TEST_CONTEXT2 = TEST_CONTEXT2.replace("'", "''")

In [None]:
%%sql
WITH MODEL_OUTPUT AS
(
    SELECT TE_QUESTION_ANSWERING_UDF(
        NULL,
        '{{ai_lab_config.bfs_connection_name}}',
        '{{ai_lab_config.bfs_model_subdir}}',
        '{{MODEL_NAME}}',
        '{{TEST_QUESTION}}',
        '{{TEST_CONTEXT2}}',
        5
    )
)
SELECT answer, score, error_message FROM MODEL_OUTPUT ORDER BY SCORE DESC

The code above shows how the model works on a toy example. However, the main purpose of having a model deployed in the database is to get a quick response for a batch input. The performance gain comes from two factors - localization and parallelization.

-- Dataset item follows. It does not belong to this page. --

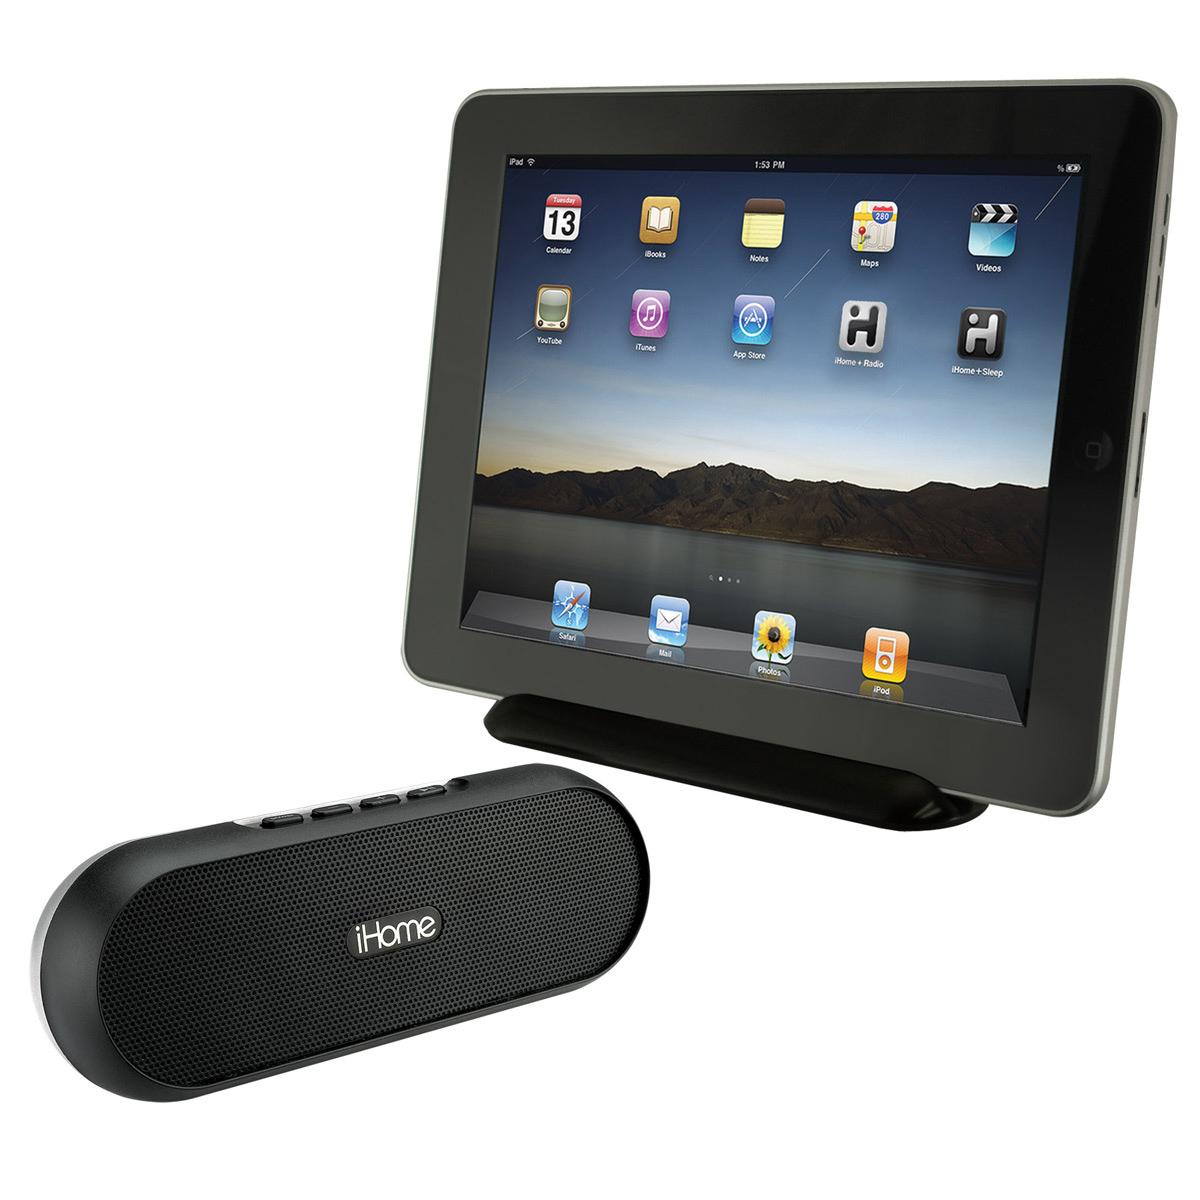 Ihome idm12 iho idm12be achat vente enceinte pc sur - Enceinte iphone ipad ...

The first means that the input data never crosses the machine boundaries. The second means that multiple instances of the model are processing the data on all available nodes in parallel.

Another advantage of making predictions within the database is enhanced data security. The task of safeguarding privacy can be simplified given the fact that the source data never leaves the database machine.

In a more practical application, the question and the context would be stored in columns of a database table. For example, if we wanted to get the best answer for each row of the input table `MY_TEXT_TABLE`, where the question is in the column `MY_QUESTION` and the context is in the column `MY_CONTEXT`, the SQL would look similar to this:
```
SELECT TE_QUESTION_ANSWERING_UDF(..., MY_QUESTION, MY_CONTEXT, 1) FROM MY_TEXT_TABLE;
```
Please note, that the response time observed on the provided example with a single input will not be scaled up linearly in case of multiple inputs. Much of the latency falls on loading the model into the CPU memory from BucketFS. This needs to be done only once regardless of the number of inputs.